Topic(s): US Analysis | Comments Off on Rene — IN AMERICA, SPEAKING THE TRUTH IS A CAREER-ENDING EVENT

This is not intended to dissuade anyone from speaking up, I just found it speaking. -rg
IN AMERICA, SPEAKING THE TRUTH IS A CAREER-ENDING EVENT
By Paul Craig Roberts
http://www.counterpunch.org/roberts01262009.html
January 26, 2009
“The evidence is sitting on the table. There is no avoiding the fact
that this was torture.”
These are the words of Manfred Nowak, the UN official appointed by
the Commission on Human Rights to examine cases of torture. Nowak has
concluded that President Obama is legally obligated to prosecute former
President George W. Bush and former Defense Secretary Donald Rumsfeld.
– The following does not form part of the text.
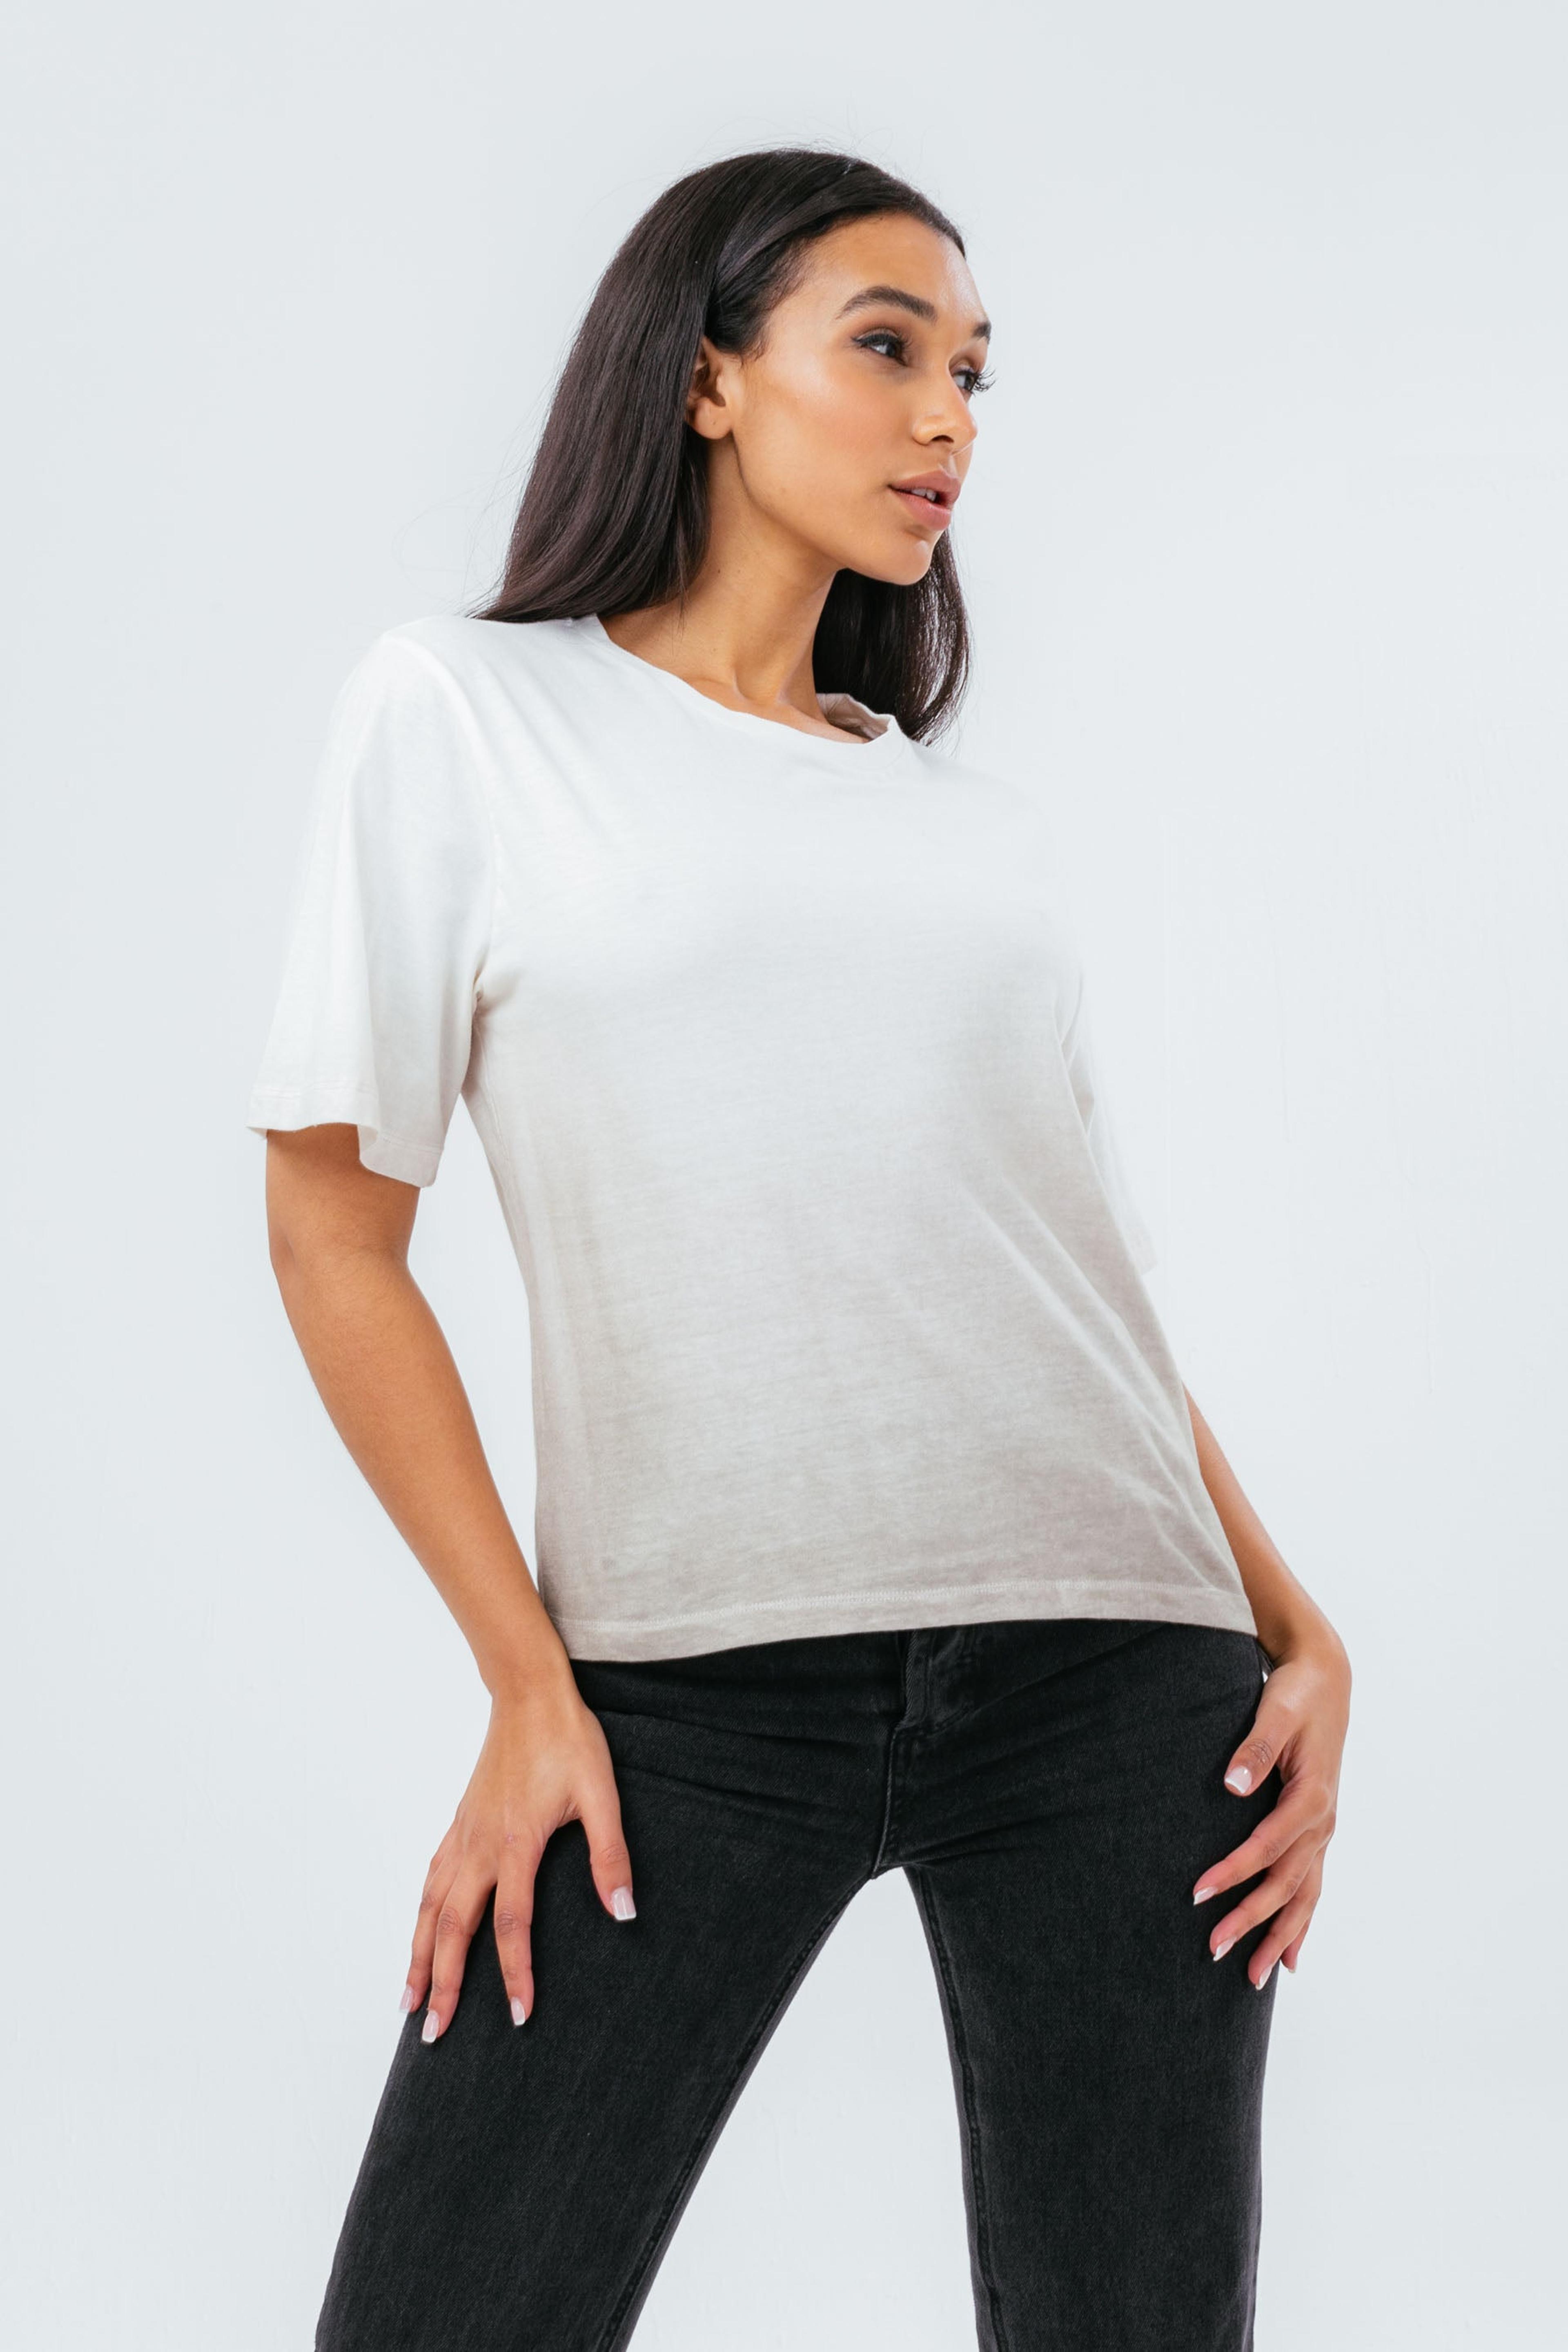 HYPE WHITE OLIVE FADE WOMEN'S T-SHIRT
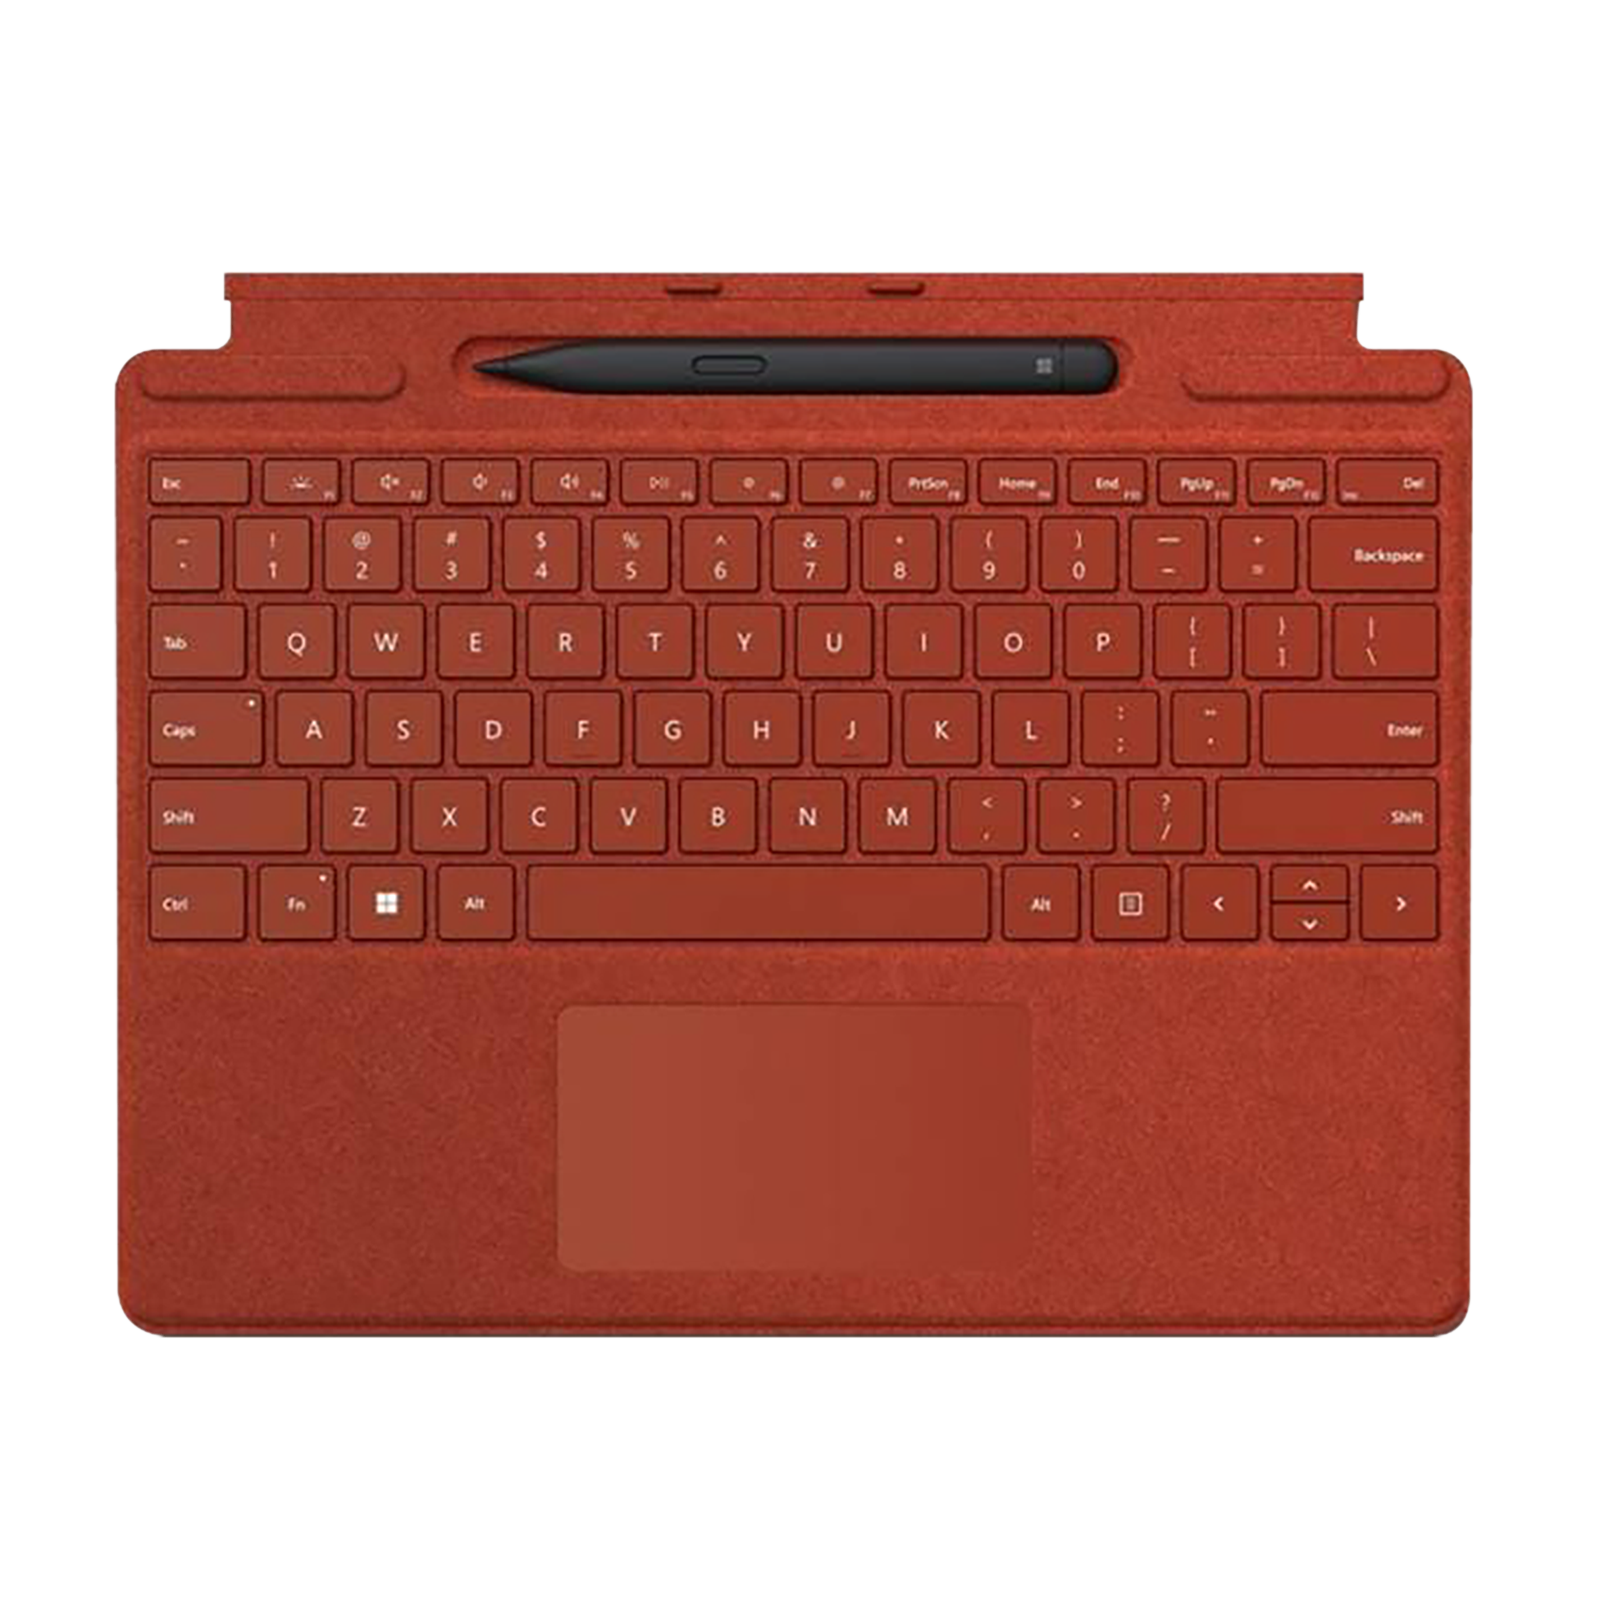 Microsoft Surface Pro Signature Wireless Keyboard with Touchpad (with Slim Pen, Poppy Red)

If President Obama’s bankster economic team finishes off what remains
of the US economy, Obama, to deflect the public’s attention from
his own failures and Americans’ growing hardships, might fulfill
his responsibility to prosecute Bush and Rumsfeld. But for now the
interesting question is why did the US military succumb to illegal
orders?
In the December 2008 issue of CounterPunch, Alexander Cockburn, in
his report on an inglorious chapter in the history of the Harvard Law
School, provides the answer. Two brothers, Jonathan and David Lubell,
both Harvard law students, were politically active against the Korean
War. It was the McCarthy era, and the brothers were subpoenaed. They
refused to cooperate on the grounds that the subpoena was a violation
of the First Amendment.
Harvard Law School immediately began pressuring the students to
cooperate with Congre ss. The other students ostracized them. Pressures
from the Dean and faculty turned into threats. Although the
Lubells graduated magna cum laude, they were kept off the Harvard
Law Review. Their scholarships were terminated. A majority of the
Harvard Law faculty voted for their expulsion (expulsion required a
two-thirds vote).
Why did Harvard Law School betray two honor students who stood
up for the US Constitution? Cockburn concludes that the Harvard
law faculty sacrificed constitutional principle in order not to
jeopardize their own self-advancement by displeasing the government
(and no doubt donors).
We see such acts of personal cowardice every day. Recently we had the
case of Jewish scholar and Israel critic Norman Finkelstein, whose
tenure was blocked by the cowardly president of DePaul University, a
man afraid to stand up for his own faculty against the Israel Lobby,
which successfully imposed on a Catholic university the principle
that no critic of Israel can gain academic tenure.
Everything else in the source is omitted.